I was not sure but said yes to him with all my confidence. Then CPS Sir called a senior sports journalist (Subodh Malla Barua) and asked him to teach and nurture me as his assistant. My days as a media person began in the small news desk room of Natun  Dainik.

The teleprompter in the room was roaring continuously.  Subodh-da brought some papers from the machine and asked me to translate into Assamese. Most of the news was related to cricket and tennis. I had no affection to cricket (still not doing) and hardly followed tennis-related news.

As a football fan myself (often I claimed to be a popular football player in school and college days), I tried to find all news of football and translated those first from English with all my efficiency and dedication. Subodh-da used to look at me and say-Nava, you have to do other news also! He also told that I have to go to Nehru Stadium soon for reporting sports events. During that time Nehru Stadium was the only center of various sports activities.

Both football and cricket matches were played there. Some indoor games along with swimming were also organized in the stadium. Moreover, the campus supported a number of offices related to various sports along with the sportspersons and sports journalists.

During some very very important cricket matches in the stadium, I proposed Subodh-da in advance to assign me to report from the outside (because I could not follow the rules of cricket). I mostly reported about the viewer’s excitement inside and outside the stadium along with the organizers’ comments.

Sometimes, I prepared light stories on sports events. CPS Sir liked those pieces and appreciated me. He himself wrote editorials on extraordinary sports personalities with spectacular descriptions (it’s rare in Assamese media till today). CPS Sir was also fond of classic movies and wrote intriguing pieces regularly on the world of cinema. It inspired me to write on cinematic issues also.

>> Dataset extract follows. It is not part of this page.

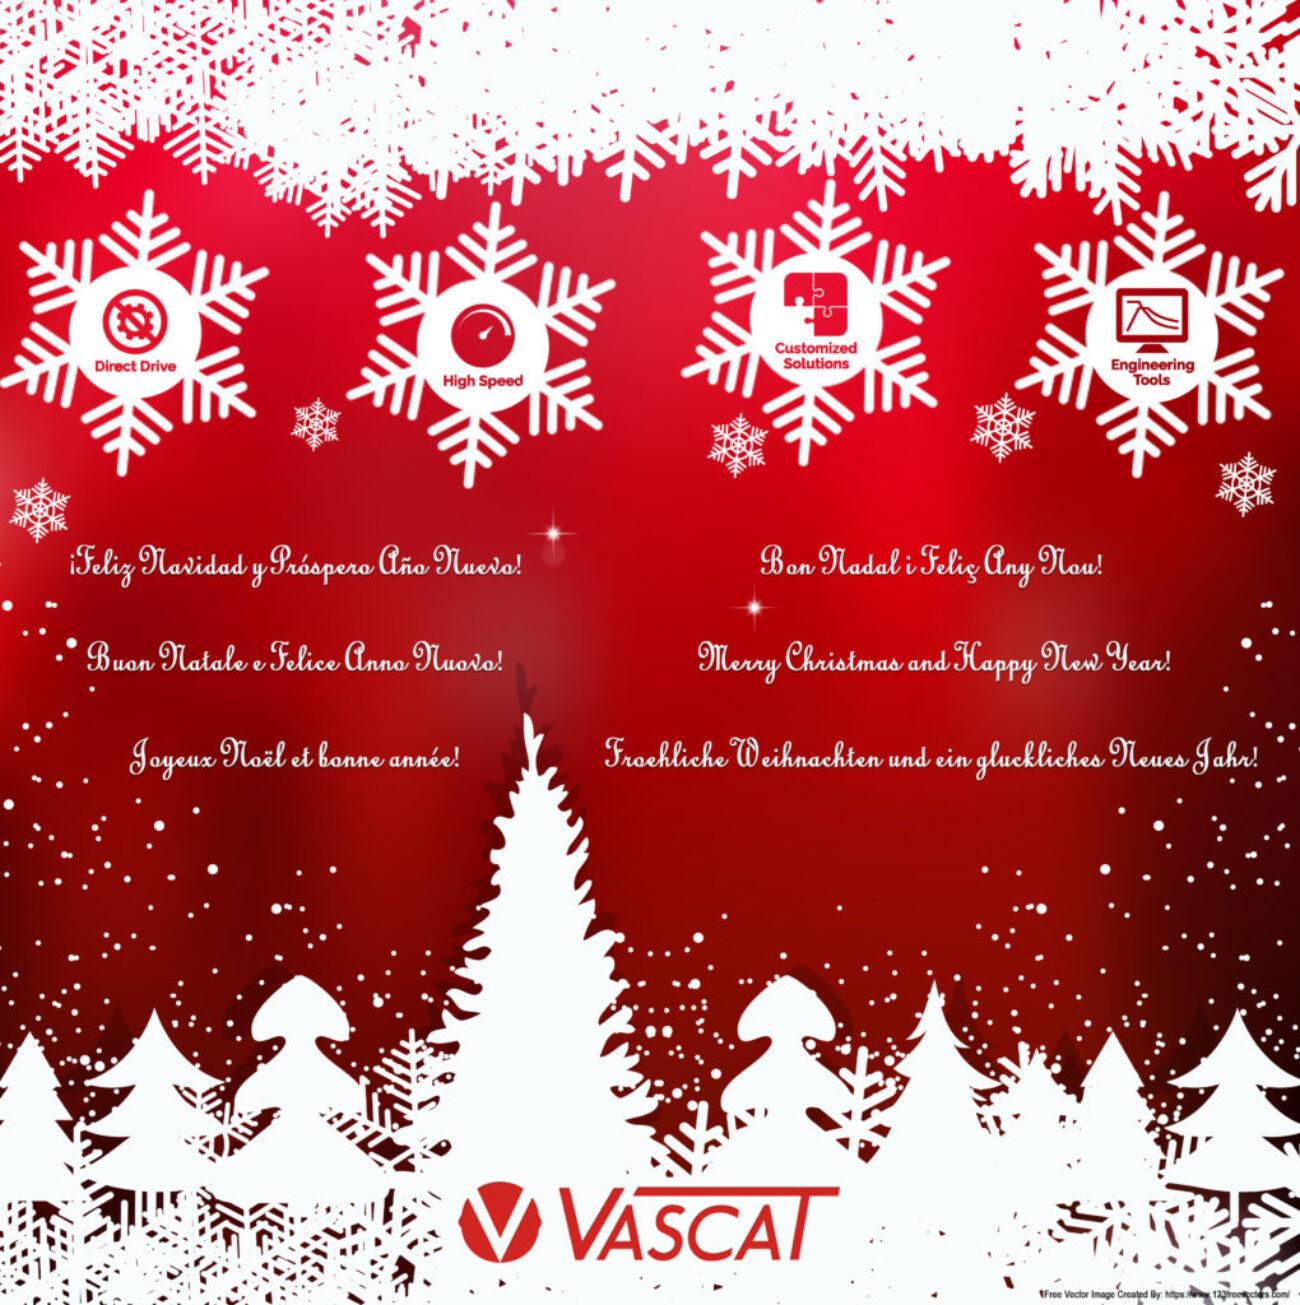 VASCAT_Nadala2017-1020x1024

Meanwhile, Jayanta Kumar Das joined us and he took the responsibility to look after the last page (dedicated to sports). As Subodh-da had already left for Dainik Asom, Uday Borgohain was inducted in the sports team. Slowly I started dedicating more time in writing on cinema and theatre (now mostly on socio-political and environmental issues).

During that period, I had an accidental tour to Mumbai (then Bomby) with Samarendra Sarma (photojournalist of Assam Tribune) and Pankaj Bora (then a reporter in Ajir Asom and now an entrepreneur). I was travelling to Kolkata (then Calcutta) to attend an international film festival in Nandan complex.

While boarding Kamrup Express, both Samar and Pankaj saw me and insisted to go to Mumbai with them.  In reality, Subodh-da missed the trip for personal reasons and they asked me to accompany them.

During those days, it was not necessary to identify the train passengers with documents and so I could easily visit in Subodh-da’s name. We three young reporters had an amazing experience in Mumbai and Pune while covering the events of the National Games.

It was a challenging job for us to send news and photographs every evening to Guwahati. It was my first visit to Pune (where I went to participate in a monthlong appreciation course inside the Film and Television Institute of India campus few years later).

Now I am no longer a sports journalist but sticked to the profession today amidst all difficulties. Most of my classmates have a better life today as successful engineers, but many of them have grown their ages (unlike me!). A few of my college friends are now looked too tired, depressive and pale. Often, I get scared talking to them (as if they are waiting for their premature departure).

The reason behind my active days indicates the inherent influence of my profession over me and my space.  The hard life of a working journalist teaches one to bear with all limitations (at least inspired not to collapse before facing the challenges). So, we do.

Moreover, I benefited from the spirit of sports in the early days of my profession. It’s a bonus for me. Long Live sports journalism! Joi Ho Assam Sports Journalists Association!